If you are using community edition - check out the DozerDB plugin which adds enterprise features to Neo4j community such as multi database. Its still in its infancy but has already implemented multi db and enterprise constraints. https://dozerdb.org


In addition to labelled property graphs and triples, a list of approaches to knowledge graph should consider facts(tuples) that are connected via common values as a form of graph, with datalog queries to query them. This is a lot more flexible than either approach IMHO and also more easily connected to existing relational data.

RDFox is a tool that uses Datalog internally. RelationalAI uses a datalog based approach. Another example is Mangle Datalog, my own humble open source project that can be found on GitHub.

The language in the article about relational being "non native graph" is a bit biased. With some developer attention, there are massive opportunities to store data in a distributed manner and with te right indices querying can be fast. Though to be fair, good performance will always need developer attention.


A knowledge graph is really just a projection of structured data from disparate sources into a common schema.

Take a bunch of tables and covert each row into a tuple (rowkey, columnName, value). Now take the union of all the tables.

^ knowledge graph

That’s it…but it’s not very useful yet. It becomes more useful if you apply a shared ontology during the import—ie translate all the columns into the same namespace. Suppose we had a “contacts” table with columns {“first name”, “last name”, …} and a “events” table with columns {“participant given name”, “participant family name”, …} — basically you need to unify the word you use to describe the concept “first name”/“given name”/whatever across all sources.

This can be cool/useful because you now only need one table (of triples) to describe all your structured data, but it’s also a pain because you may need to perform lots of self-joins or recursive queries to recover your data in order to do useful things with it. The final table has a very simple “meta” schema, and you erase the schema from each individual source so you can push the schema into the data.


For me a knowledge graph is a complex network.

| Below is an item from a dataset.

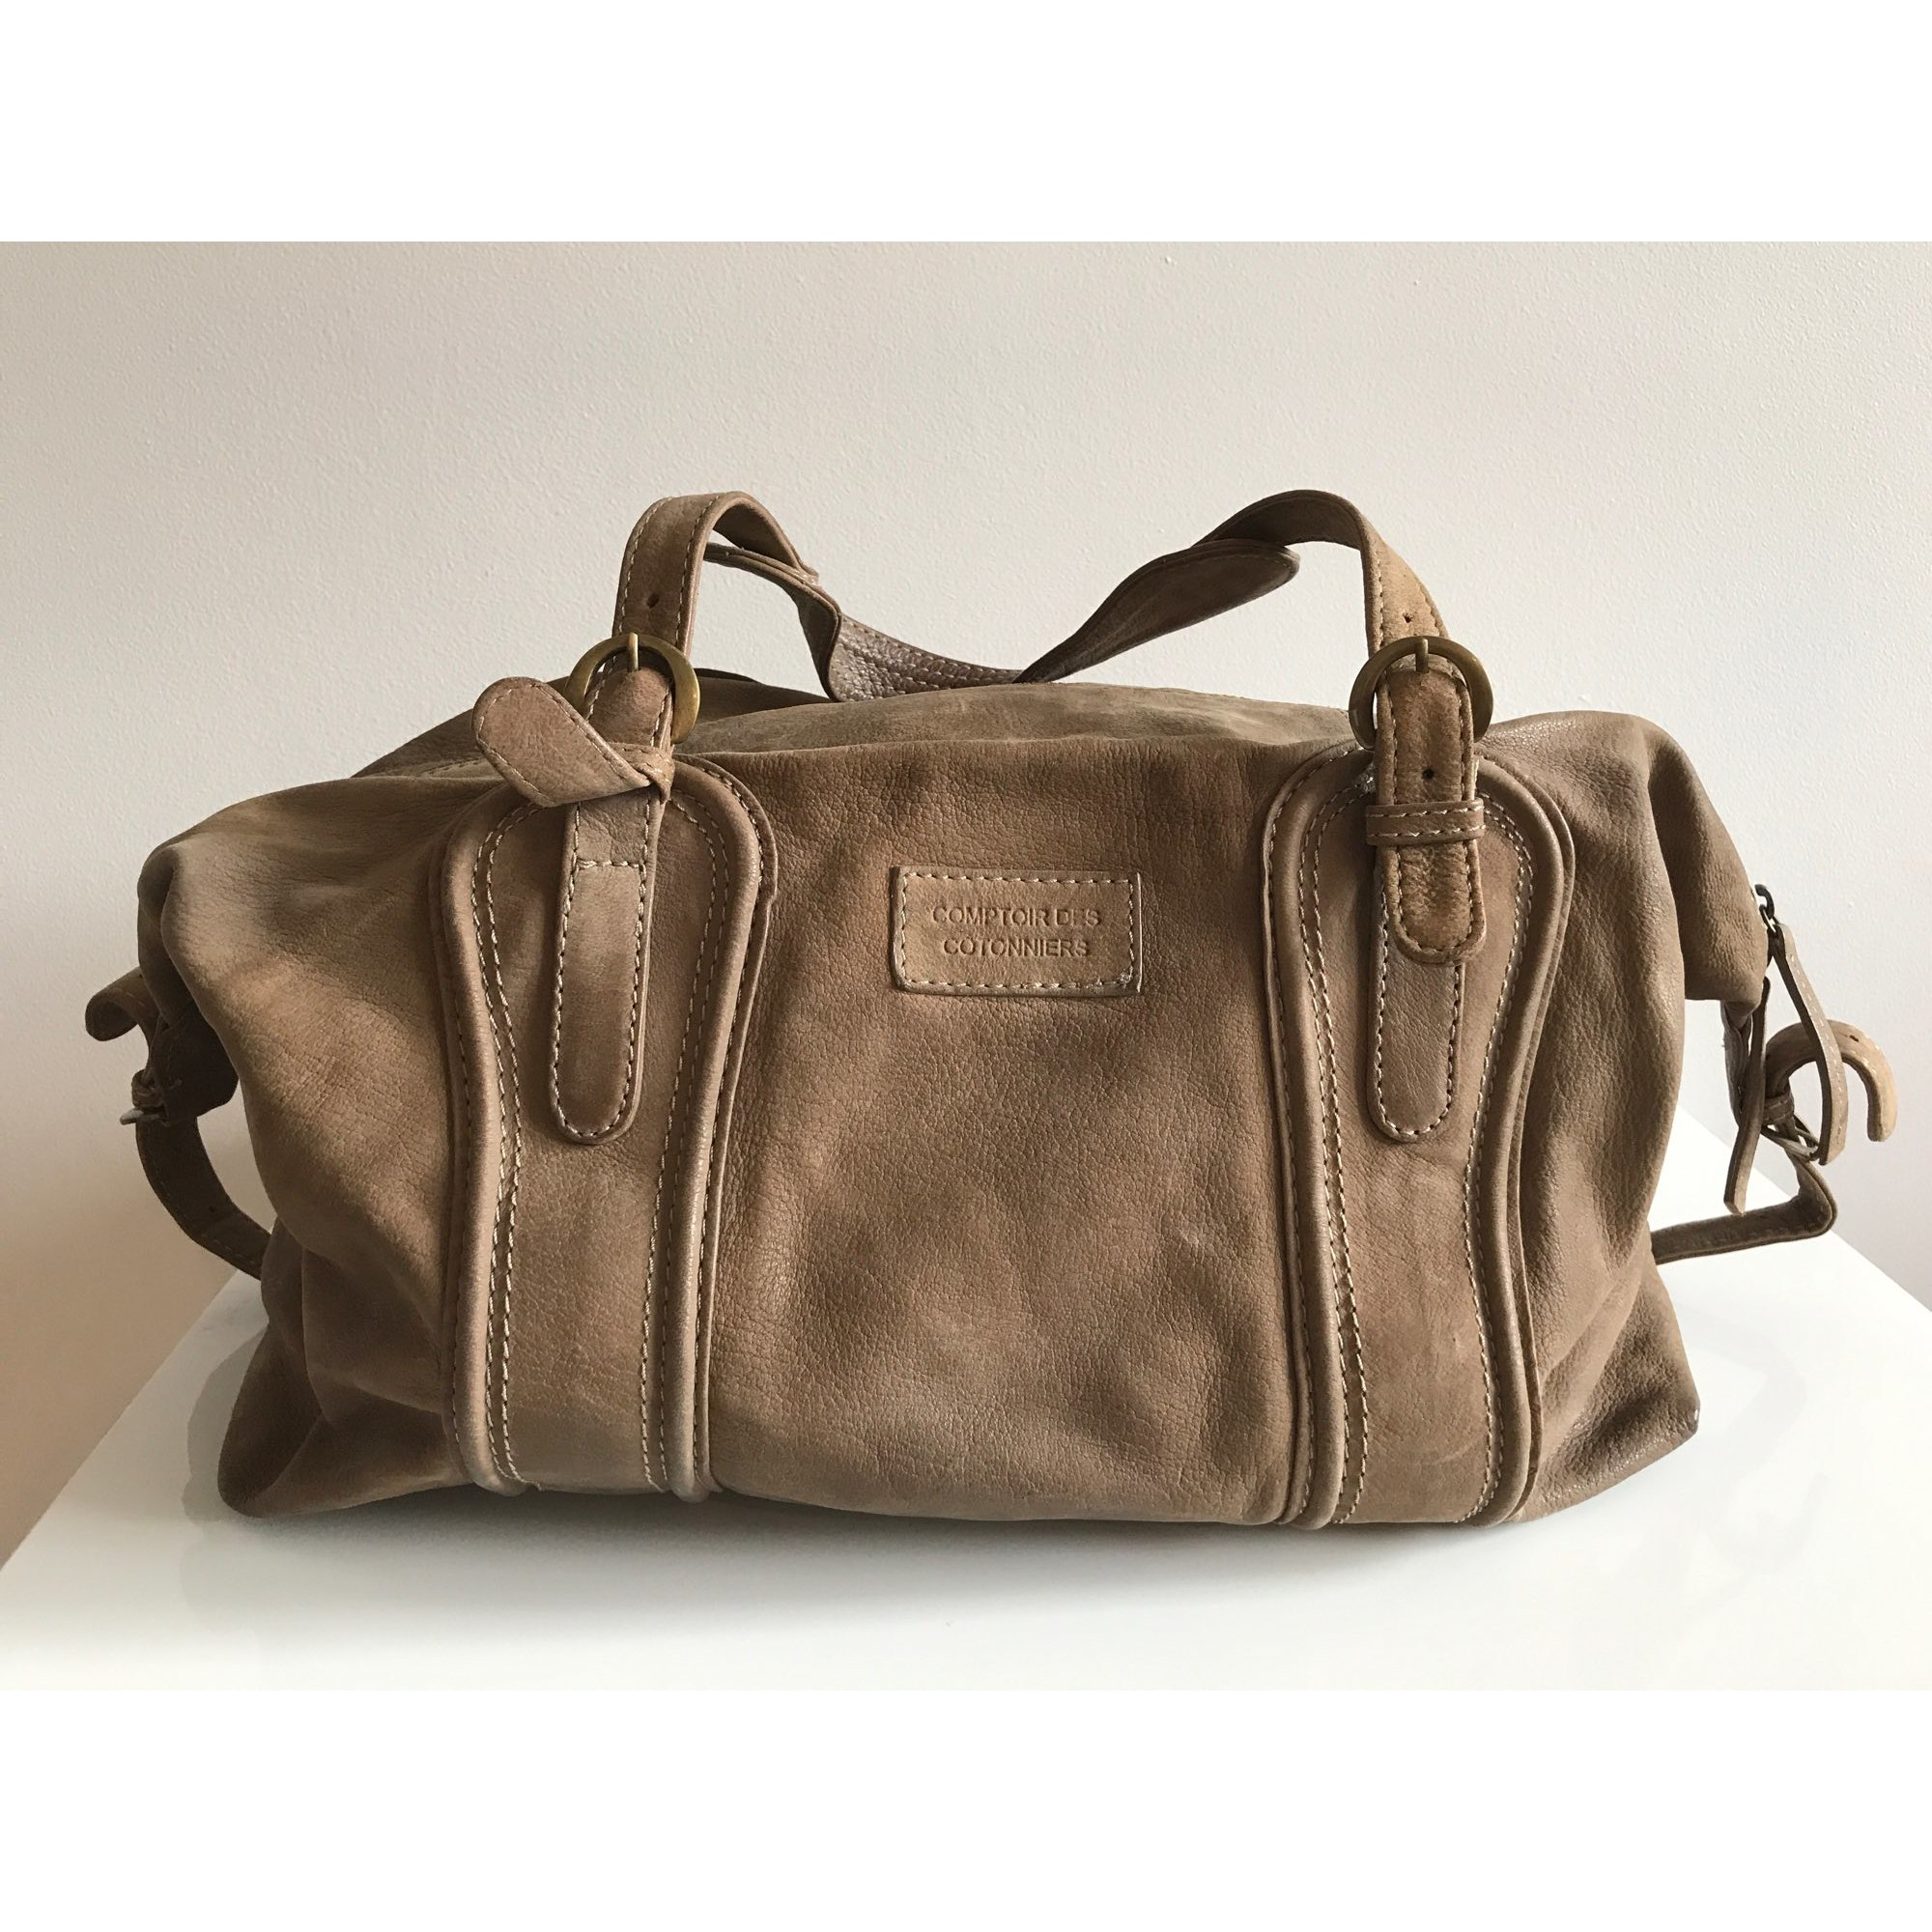 Sac xl en cuir comptoir des cotonniers beige vendu par laline 8 6306352 - Cuir comptoir des cotonniers ...

When you try to grasp any complex topic your brain starts to build and connect a fuzzy network of topics and their respective positive or negative correlations and of course the weights between the connections.

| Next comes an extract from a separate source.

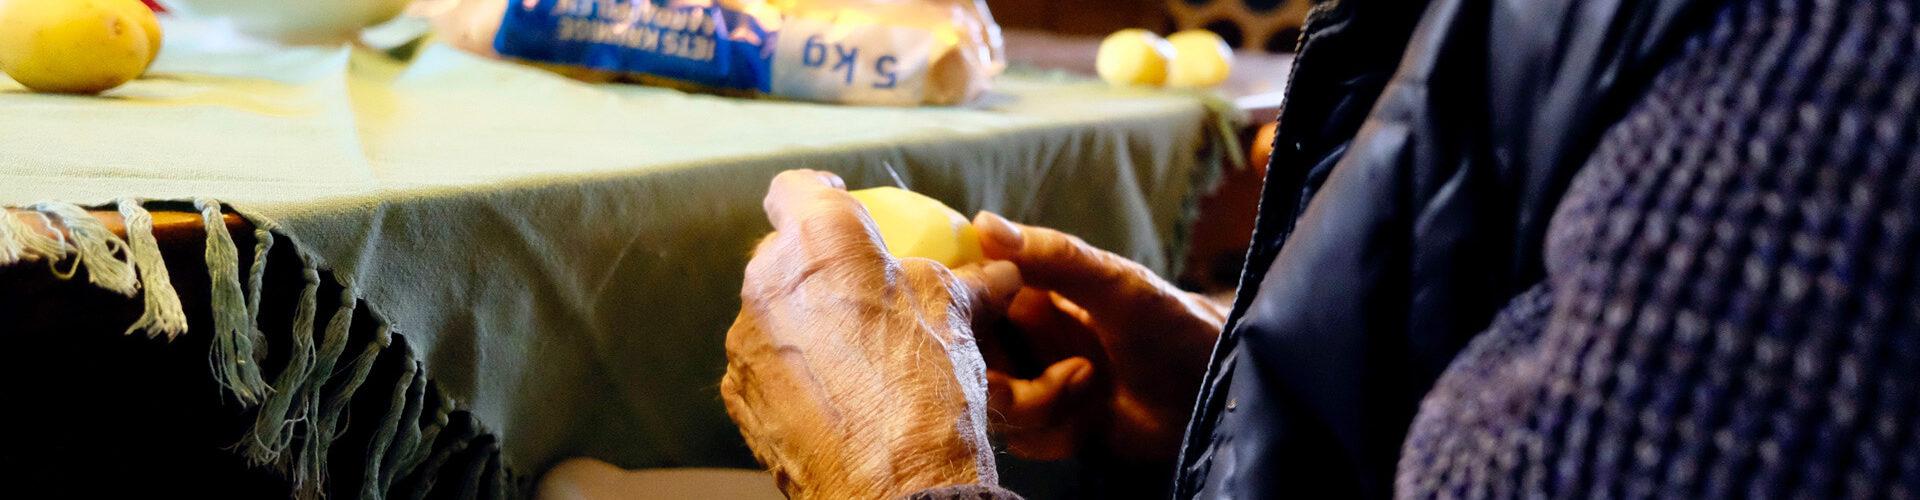 hands pealing potatoes

Once you have unfuzzied the picture in your head you realize that the network is active and dynamic and that this network has different "modes" of operation and that some weights and correlations can change over time, while others are always static.

Mastering the dynamics of the knowledge graph is the final step in understanding it.


The world is a complex network. The knowledge graph is a reliable path through the network. I.e., "knowing" the way from your home to your office. Or "knowing" where to find your Word doc and how to use it.


What's great about knowledge graphs and property graphs in general is once you really get it (and it's not too difficult, especially if you come from a CS background) you start to see graphs all over the place. It's a really nice way to work with data for certain classes of problems. Once you get "enough" data in and "enough" of a variety of things connected, you start to see remarkable relationships emerge.


What sort of relationships have you seen in the data you've worked with that you'd describe as remarkable?

I've explained a similar thing to friends before, but I was always at a loss for relationships/insights that have led to concrete outcomes


You know active directory? It's basically a graph of objects, accounts and computers all with their own complex permissions and relationships. During pentests it's VERY common to use a tool called bloodhound which imports an active directory graph into neo4j. You then use graph algorithms to find miss configuration and paths to traverse to become domain admin, which pretty much always reveals something "unexpected".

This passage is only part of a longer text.